Collected data:
══════════
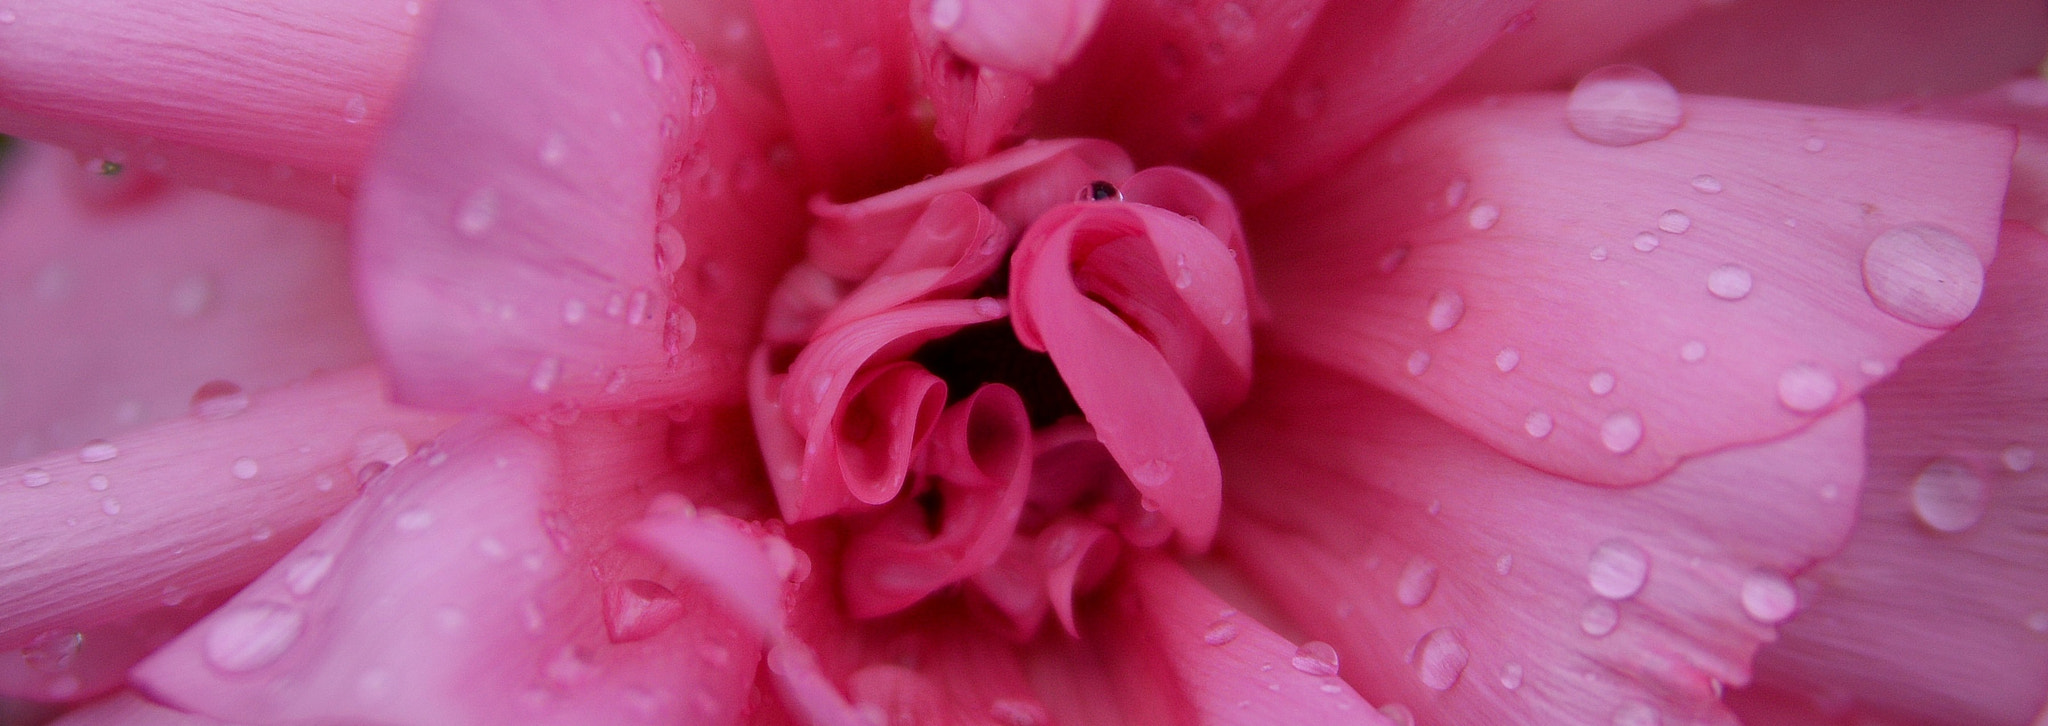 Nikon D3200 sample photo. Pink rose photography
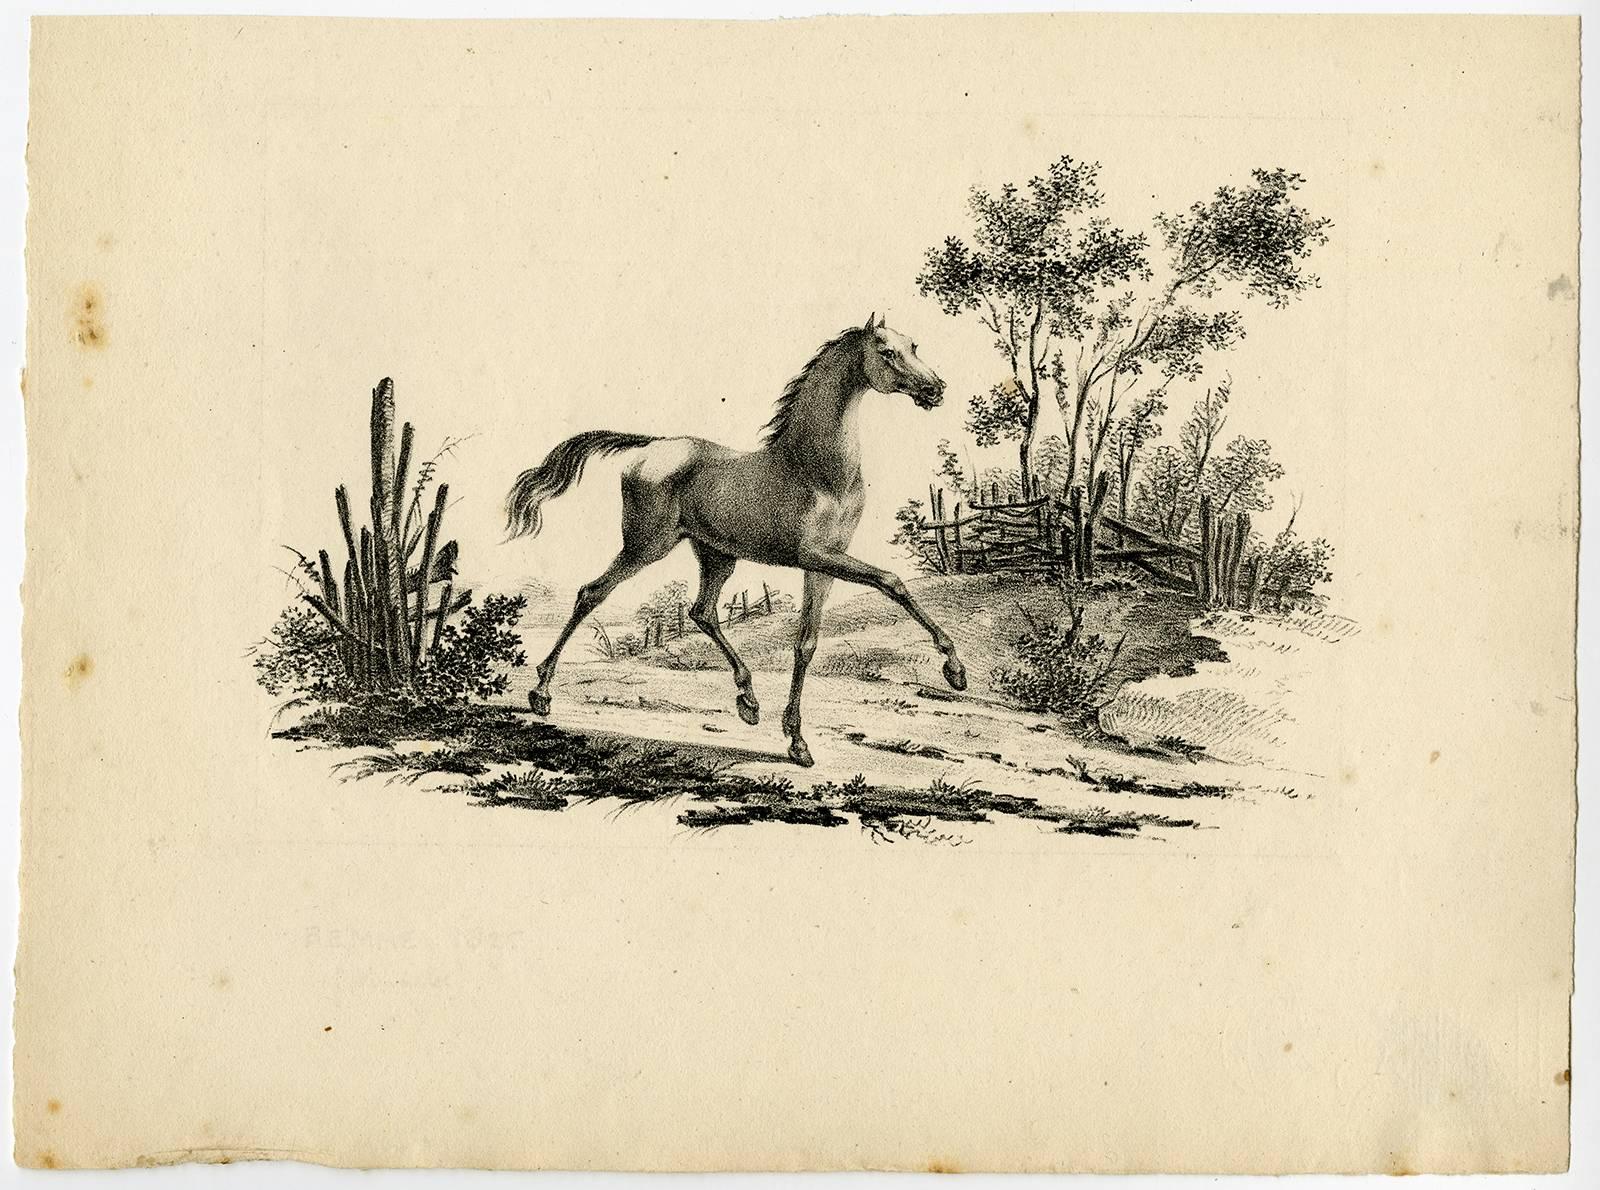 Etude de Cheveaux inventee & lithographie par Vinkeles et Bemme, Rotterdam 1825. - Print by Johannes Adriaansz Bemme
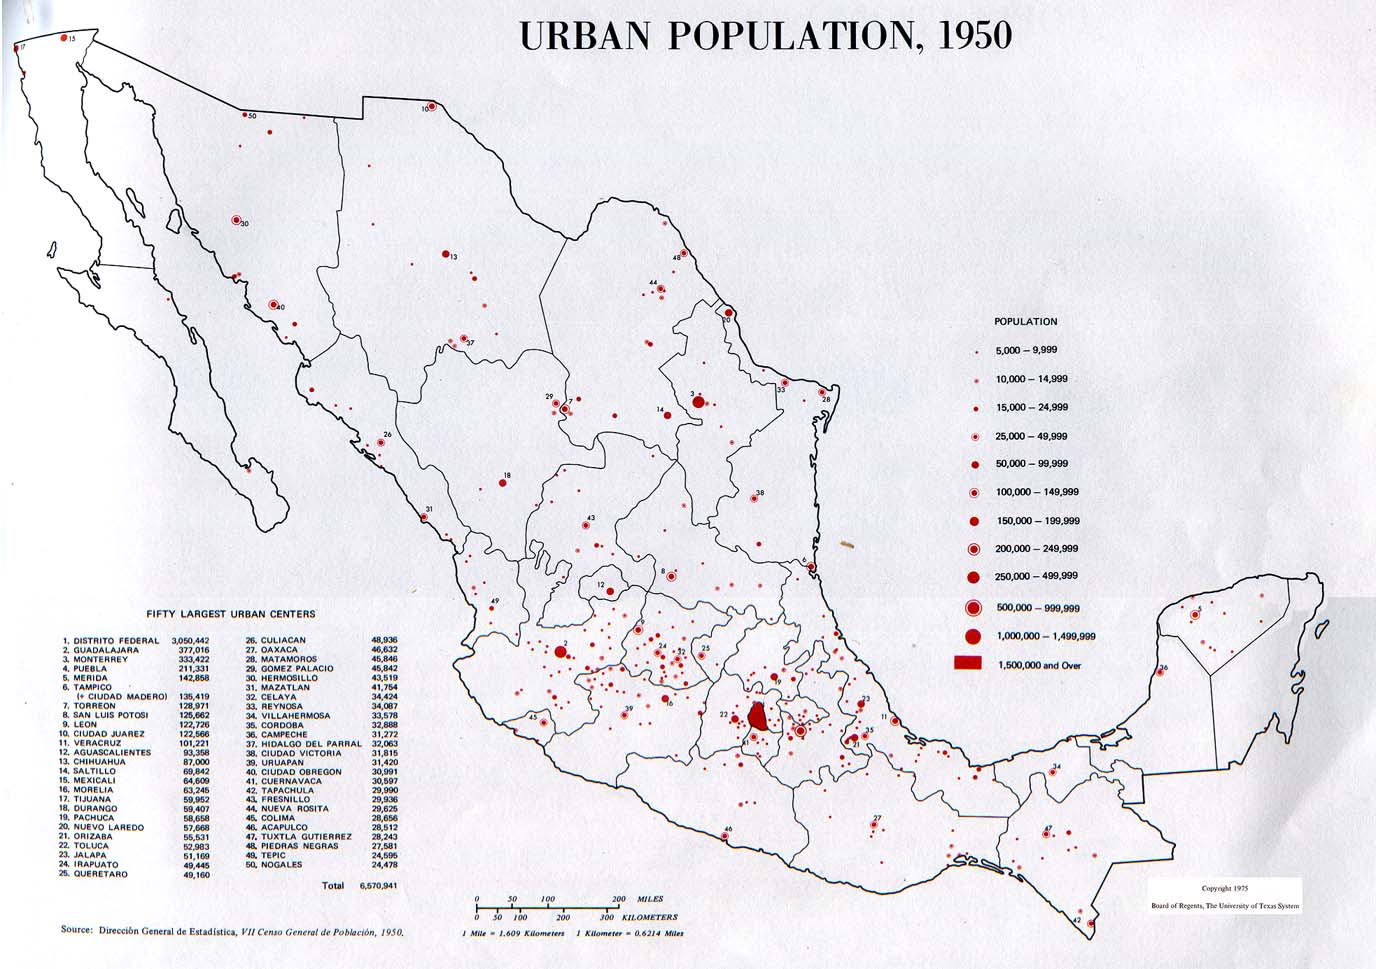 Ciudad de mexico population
══════════
Exercise prompt:
Pictures do not belong in the copy. Repeat exactly each line from the one with "Etude de Cheveaux" through the end of the listing.

Response:
 Etude de Cheveaux inventee & lithographie par Vinkeles et Bemme, Rotterdam 1825. - Print by Johannes Adriaansz Bemme
 Ciudad de mexico population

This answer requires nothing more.